I’d craved motherhood all my life, and now here it was. Not only was my baby changing himself at impressive rates; he was changing me. In fact he changed me so much and so quickly that for a time I lost touch with myself. I took my son on walks, I breastfed him on a park bench, I ate a cereal bar and picked the crumbs out of his fine fuzz of hair, and I felt for long stretches of time that I was absent. It was as if, when I’d pushed my son from my womb, I had also pushed out some integral part of my being. There was a gap within me, an echo that howled in the background of everything. Like he could hear it, my son howled too.
It’s not easy to write these things down. While they were happening, I was completely silent about them. Looking back, it’s clear to me how exhausted I was, how hormonal, how depressed. Now, to stop myself from deleting these words, I return to Audre Lorde’s essay “Man Child”, in which she writes: “The strongest lesson I can teach my son is the same lesson I teach my daughter: how to be who he wishes to be for himself. And the best way I can do this is to be who I am and hope that he will learn from this not how to be me, which is not possible, but how to be himself. And this means how to move to that voice from within himself, rather than to those raucous, persuasive, or threatening voices from outside, pressuring him to be what the world wants him to be. And that is hard enough.”
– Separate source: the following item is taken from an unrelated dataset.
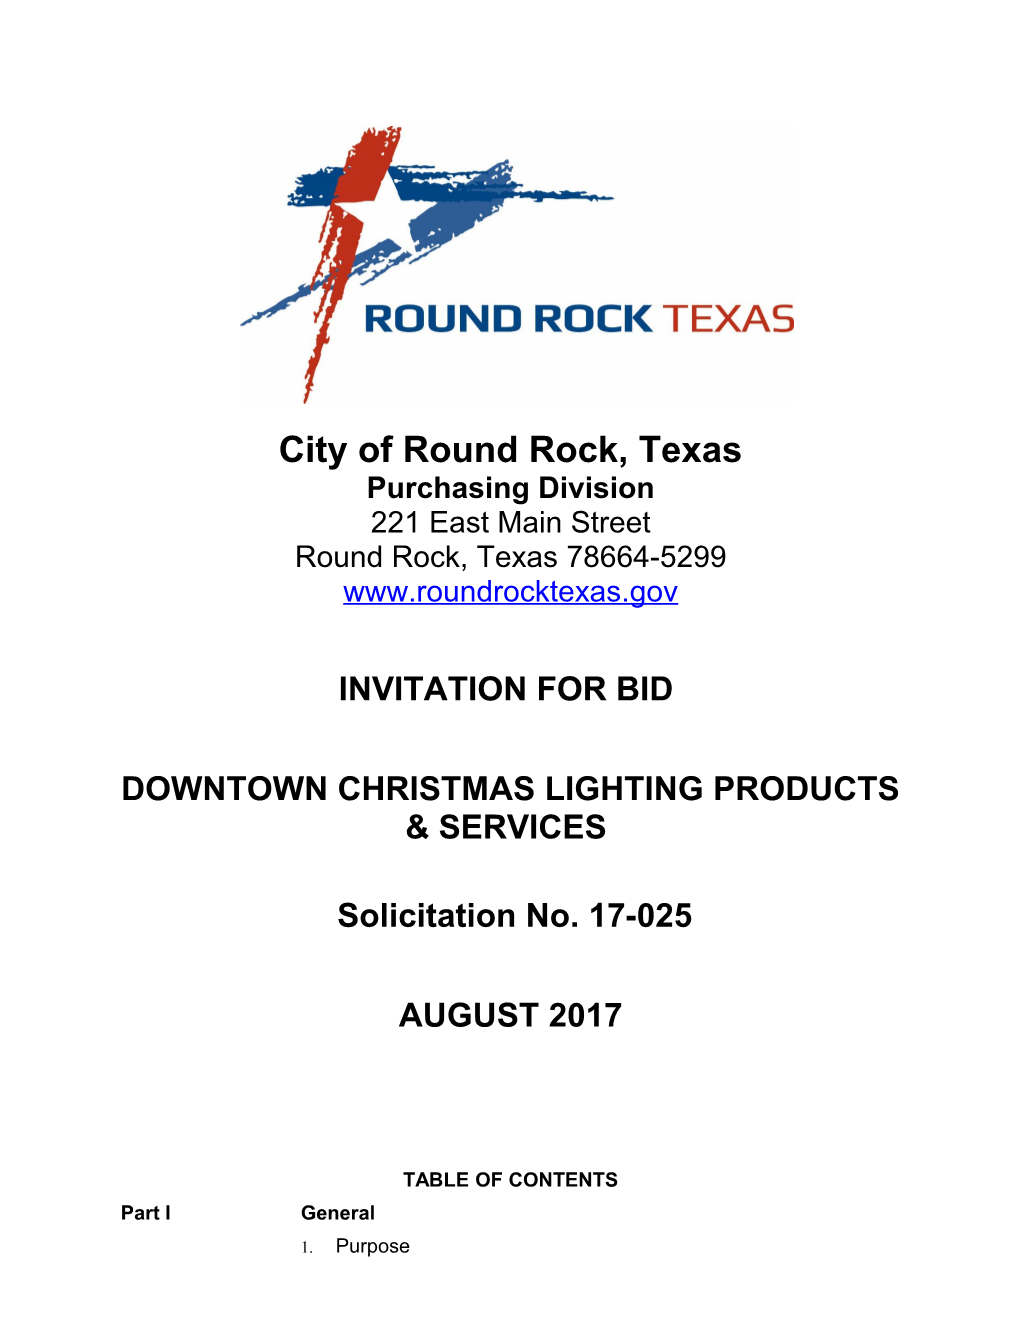 Downtown Christmas Lighting Products and Services

When I first sat down to write this I knew very little of what would come. I felt that my experience so far as a mother was too precarious and slippery to pin down into sentences. I worried that I would misremember the course of events or the ways that I felt about them, that I would come across harsh or soppy or somehow insincere. I was concerned that I would attempt to force a neat narrative that did not exist, as women have been forced to do in writing and in life for centuries. I told myself that I would let these fears into the words, that these fears are part of the process of writing something true, but I don’t know how to let the fears in without doing what I’m doing now, which is laying them out here very clearly. I do not want to give myself an excuse to hide. When my son became physically separate from me, I became separated from myself. I could not hear my voice from within, let alone move to it. Now I have set myself a task: to get at the truth and lay it bare, so that one day my son may choose to do the same.
The month my son turned one, the UK went into lockdown. After a year of adjusting my entire world around my baby, overnight everyone’s lives became smaller, everyone was cut off from their old realities. There was no normal, not really, or else normal became something else entirely. Jacob was furloughed and we moved to Brighton for three months to live with my mother, who has a garden. The baby learned to walk. We went to the deserted golf course and he toddled around on the smooth, green grass, laughing. All across the country, people bought puppies to get themselves through the day. We didn’t need a puppy.
I don’t know if I learned to feel more at ease in myself during lockdown because I was no longer missing out on a life that couldn’t have existed anyway, or if it was simply due to the natural progression of time. Either way, change was at the crux of it. Some days I still feel that motherhood is a coat I saved up for only to find it doesn’t fit, but it helps to think of myself as what I am, which is a changing organism in a changing world. Soon, my son will come home and announce a word I’ve never heard him say before. Last week, we had his feet measured. My own growth is slower, less noticeable, and not always linear. But as my son is learning how to be himself, I am learning too.